PROBLEM REQUIREMENTS:
Leaving the pictures aside, return the listing exactly as it appears.

DATA EXCERPT:
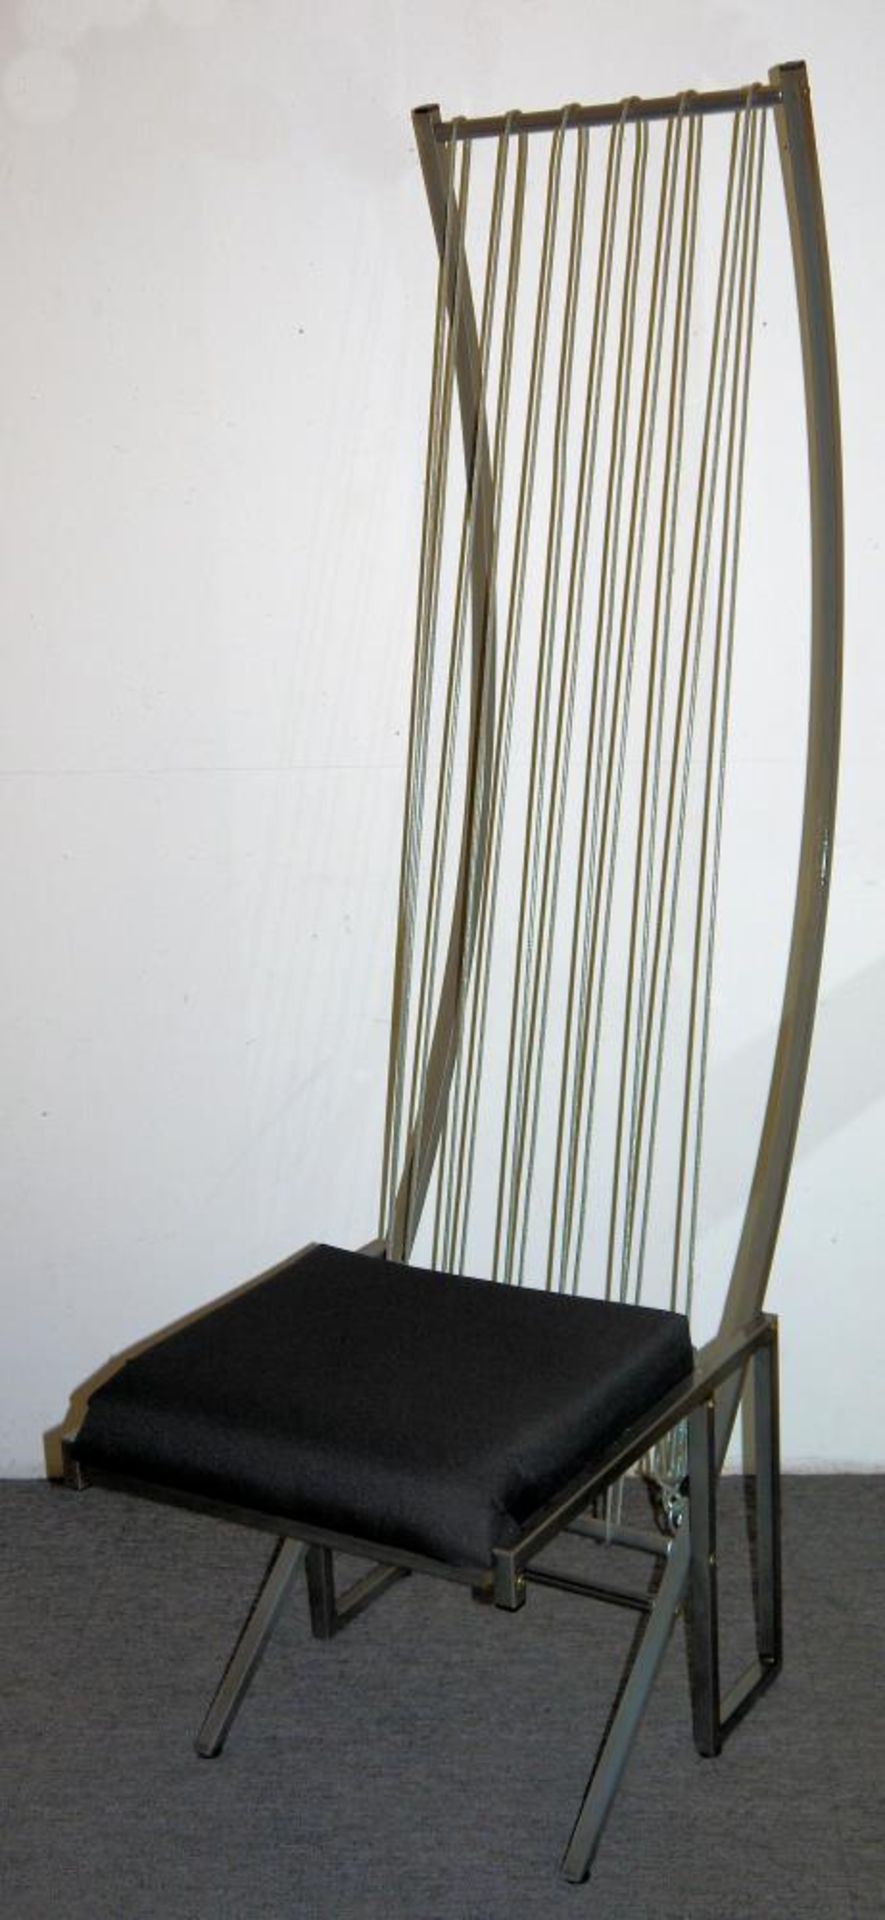 Designer-Stuhl der 1980er Jahre aus Eisen und Spannseil Individueller Stuhl aus beschichtetem
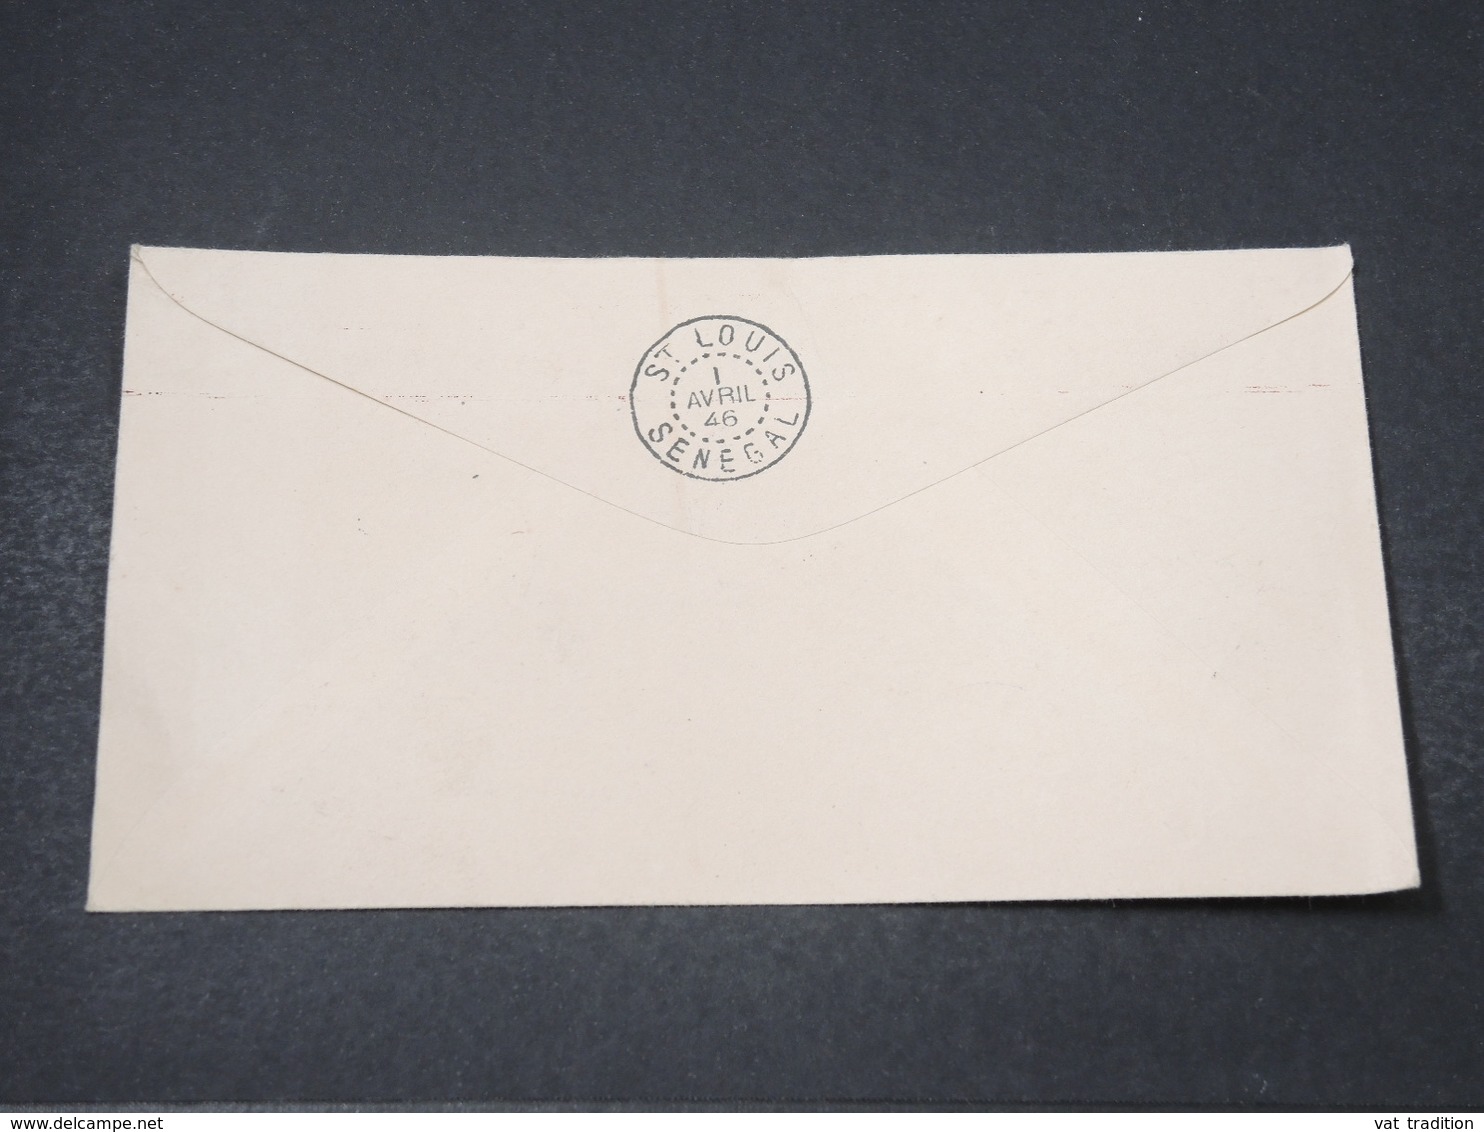 MAURITANIE - Enveloppe De La Foire Exposition Du Trarza à Rosso En 1946 - L 16868 - Briefe U. Dokumente
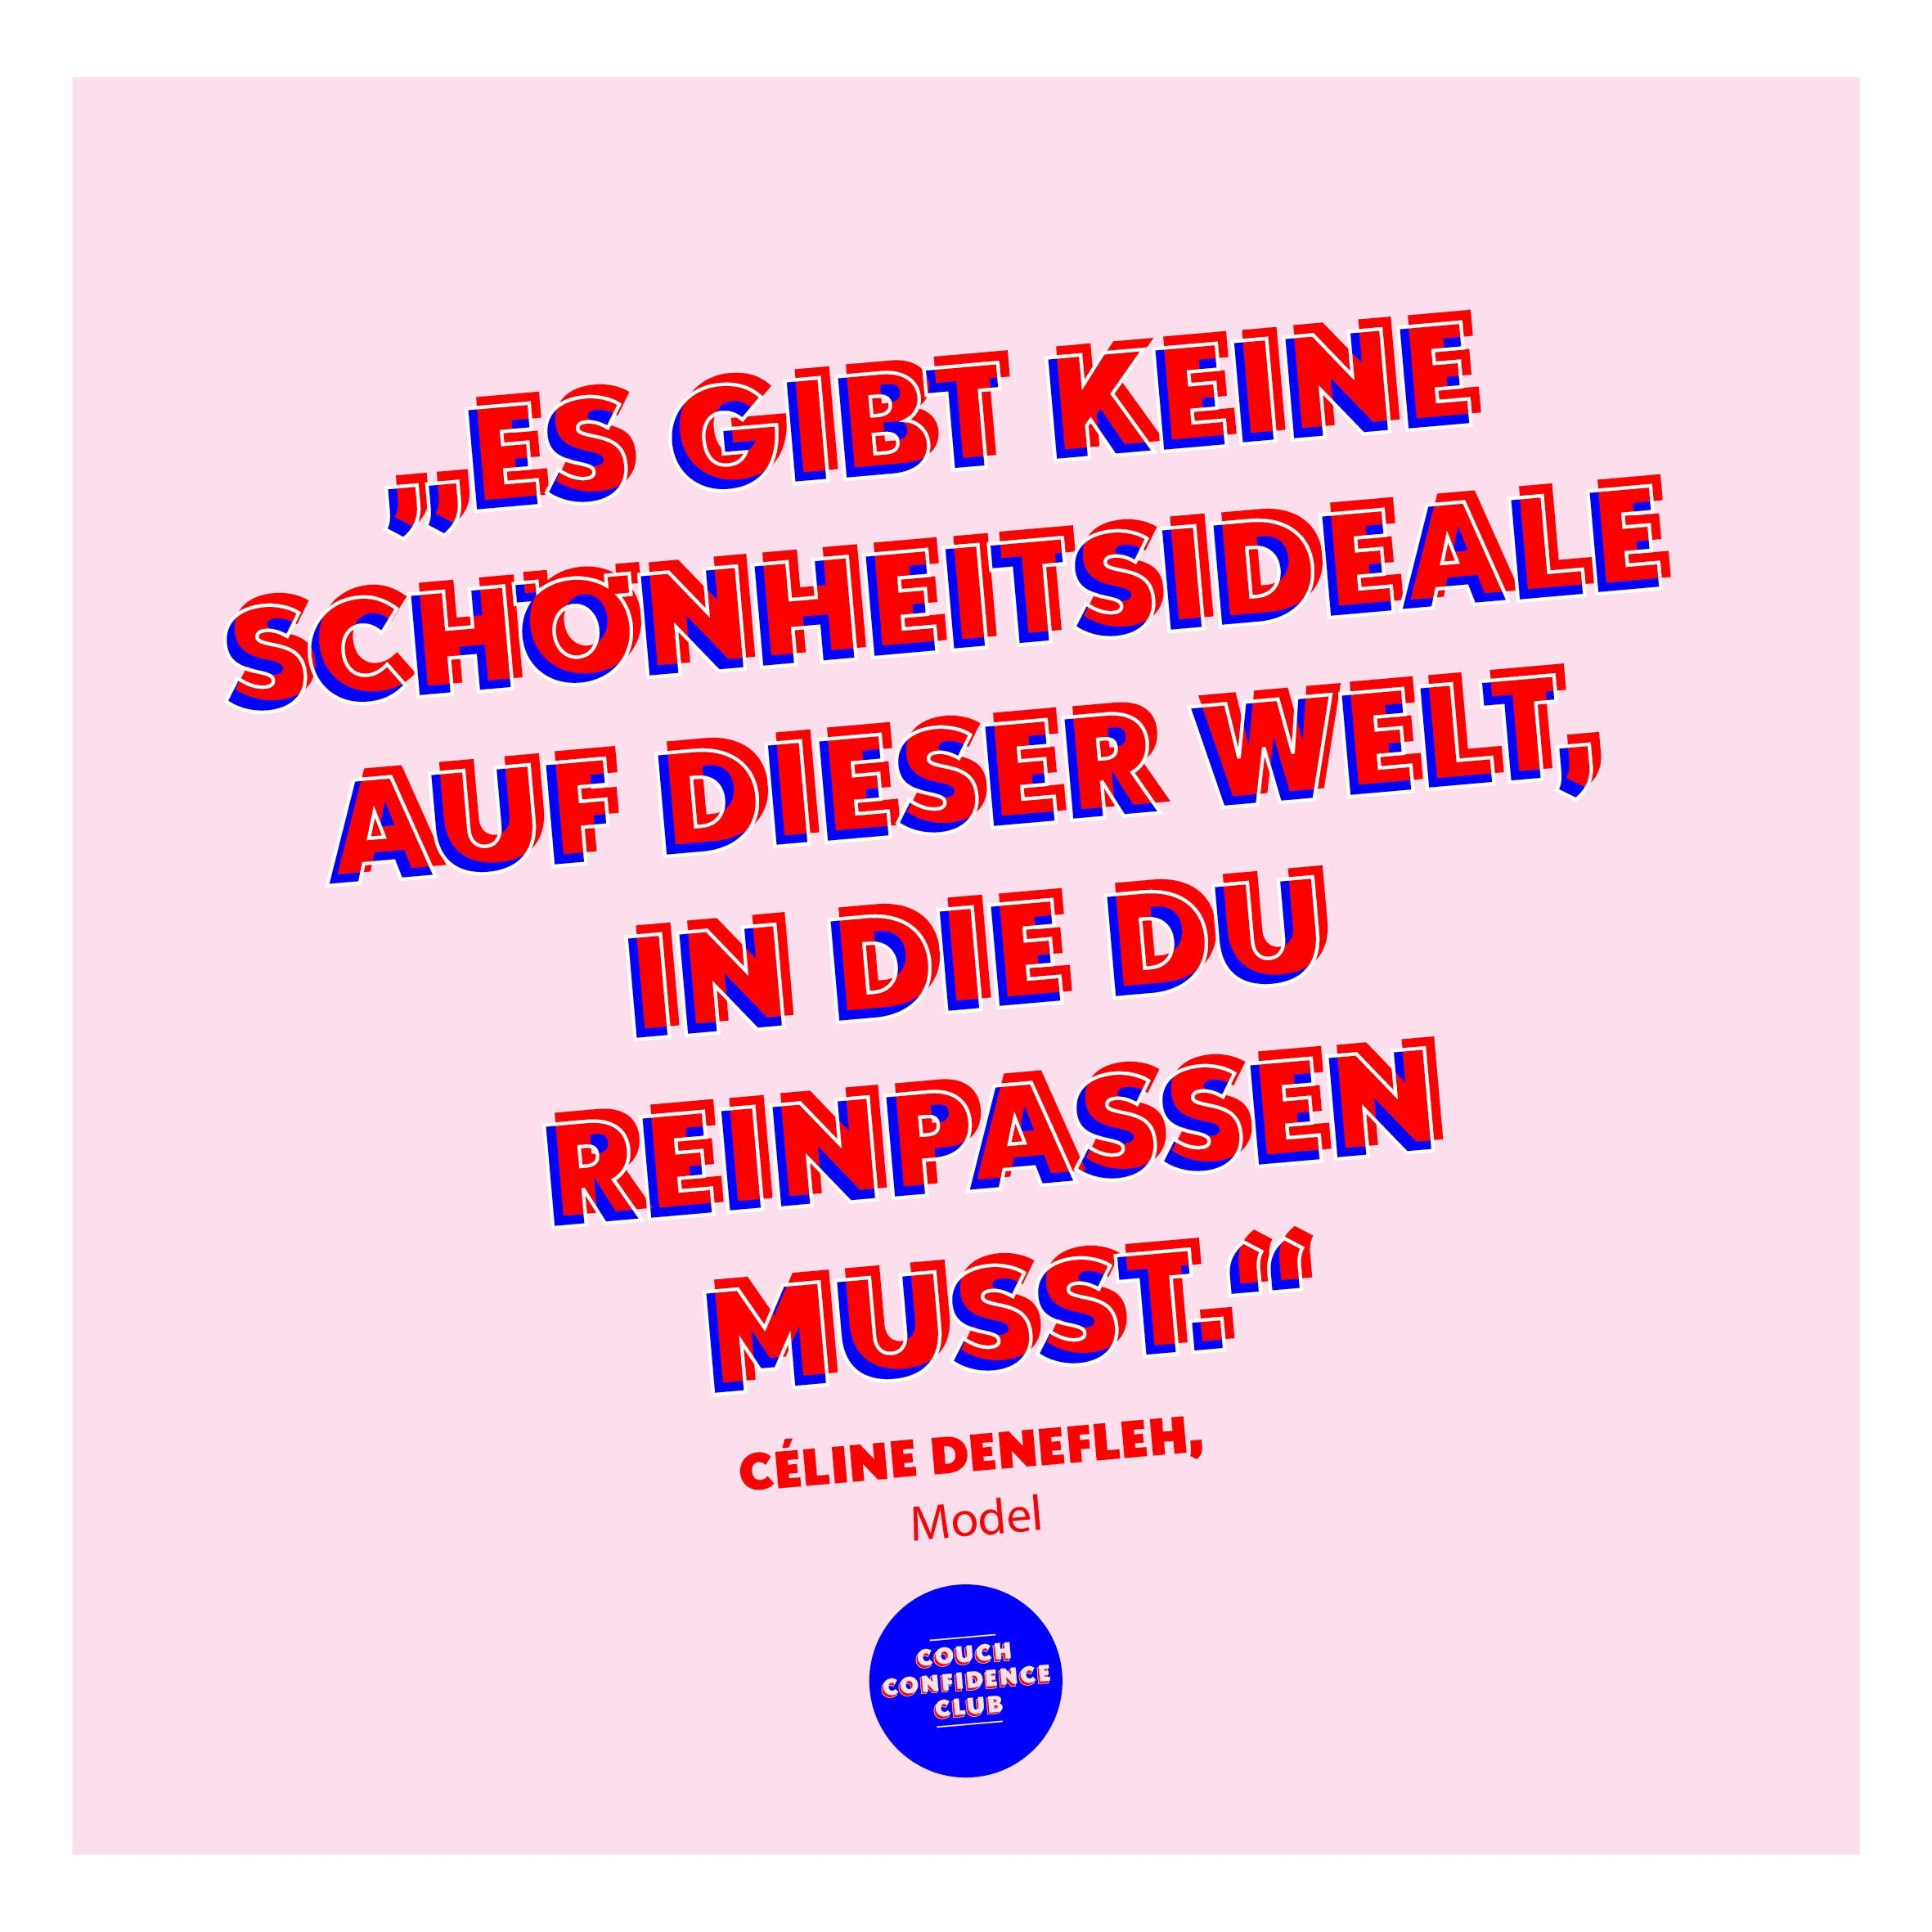 [Anzeige] Wichtige Message von Céline Denefleh im #COUCHconfidenceclub 🙌

EXPECTED ANSWER:
 Designer-Stuhl der 1980er Jahre aus Eisen und Spannseil Individueller Stuhl aus beschichtetem
 MAURITANIE - Enveloppe De La Foire Exposition Du Trarza à Rosso En 1946 - L 16868 - Briefe U. Dokumente
 [Anzeige] Wichtige Message von Céline Denefleh im #COUCHconfidenceclub 🙌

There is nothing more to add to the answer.